Muchas veces estos casos siguen vivos en la opinión pública incluso después de la muerte de sus protagonistas, en forma de testimonios, de vídeos virales, de reportajes televisivos, y hasta de películas, de las que se puede echar mano para conmover al público.

En cambio, es curioso con qué rapidez se pasa página ante otros casos en que alguien decide por su cuenta liquidar unas vidas que, a su juicio, no merecen la pena ser vividas, por enfermedad o vejez. Generalmente son trabajadores del mundo sanitario, que están en contacto con los pacientes y se sienten capacitados para definir los estándares de una vida digna. En el caso de ser descubiertos, su caso aparecerá en la sección de sucesos, como simples delincuentes. Pero no suele dar lugar a debates sobre la deriva del concepto de muerte digna y la eutanasia.

Por ejemplo, en los últimos meses se ha hablado mucho sobre la legalización del suicidio asistido en Canadá, después de que el Tribunal Supremo interpretara que la prohibición era inconstitucional. Sin embargo, apenas ha proporcionado titulares la historia de la enfermera canadiense Elisabeth Tracey Mae Wettlaufer, a la que la policía acusa de administrar fármacos que intencionadamente provocaron la muerte de al menos siete personas, de 75 a 96 años, en una residencia de ancianos en Woodstock (Ontario), en la que ella trabajó.

La Asociación Canadiense de Jubilados hizo una declaración en la que manifestaba: “La edad de las víctimas y su situación médica no deberían tenerse en cuenta a la hora de que el sistema judicial castigue a los que violan la ley y dañan a otros”. No les falta razón, sobre todo cuando se va creando la mentalidad de que la edad avanzada y las precarias condiciones de salud le convierten a uno en candidato a la “muerte digna”.

Más ha llamado la atención en Italia –aunque mucho menos en el extranjero– la detención del médico Leonardo Cazzaniga y de la enfermera Laura Taroni, ambos del hospital de Saronno (Varese), amantes, acusados de administrar fármacos letales al menos a cuatro pacientes ancianos con problemas oncológicos.
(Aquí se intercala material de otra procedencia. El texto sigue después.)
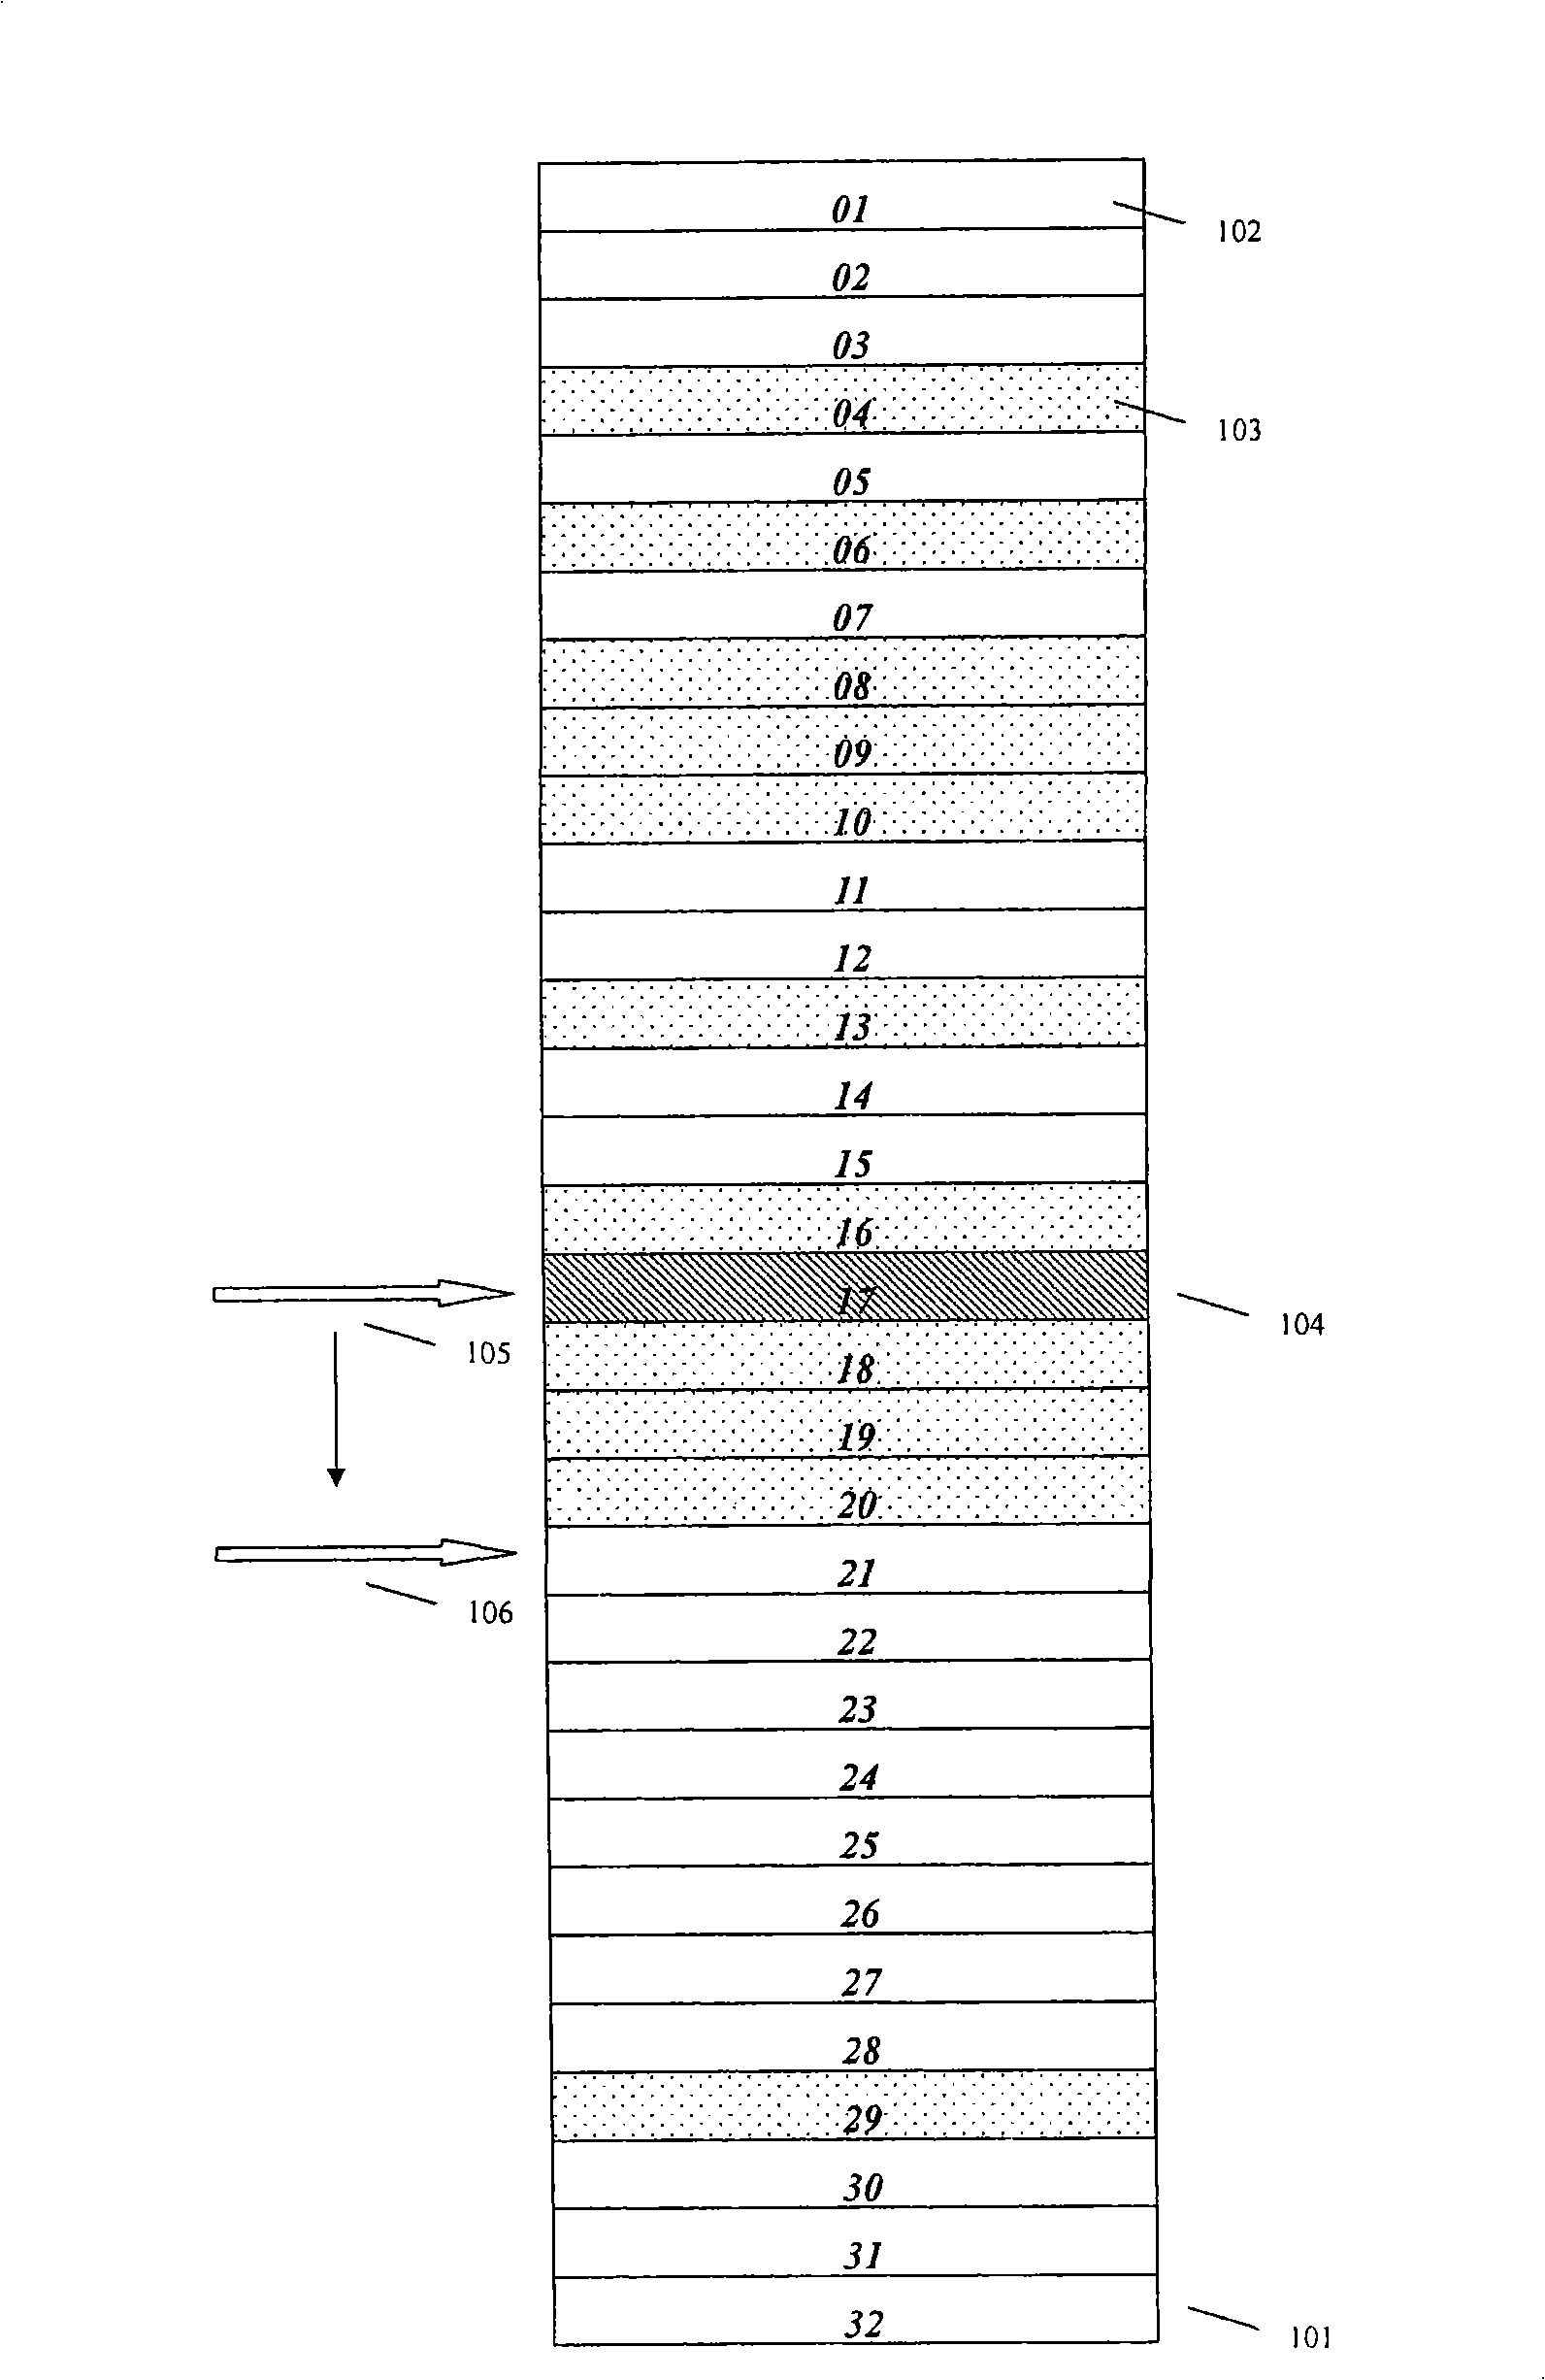 Global positioning system satellite searching and scheduling method

Pero hay otras decenas de casos bajo investigación en el mismo hospital. Gentes que llegaban al hospital por urgencias y ya no salían.

“Todo lo que he hecho ha sido para aliviar los sufrimientos de los pacientes. No es verdad que tratara de matarlos”, ha declarado Cazzaniga ante el juez. En contra tiene datos de cócteles de fármacos diez veces superiores a lo admitido, historias médicas alteradas, conversaciones interceptadas por la policía en las que, según dicen, afirma “soy como Dios, soy el ángel de la muerte”. También está bajo sospecha la actitud de la dirección del hospital, que había descartado de forma apresurada denuncias de enfermeras que se remontaban a 2013.

Sea como sea, a la hora de conmovernos con los casos de eutanasia, deberíamos también tener en cuenta a esos otros pacientes sin rostro, a los que se les impone sin pedirles su opinión.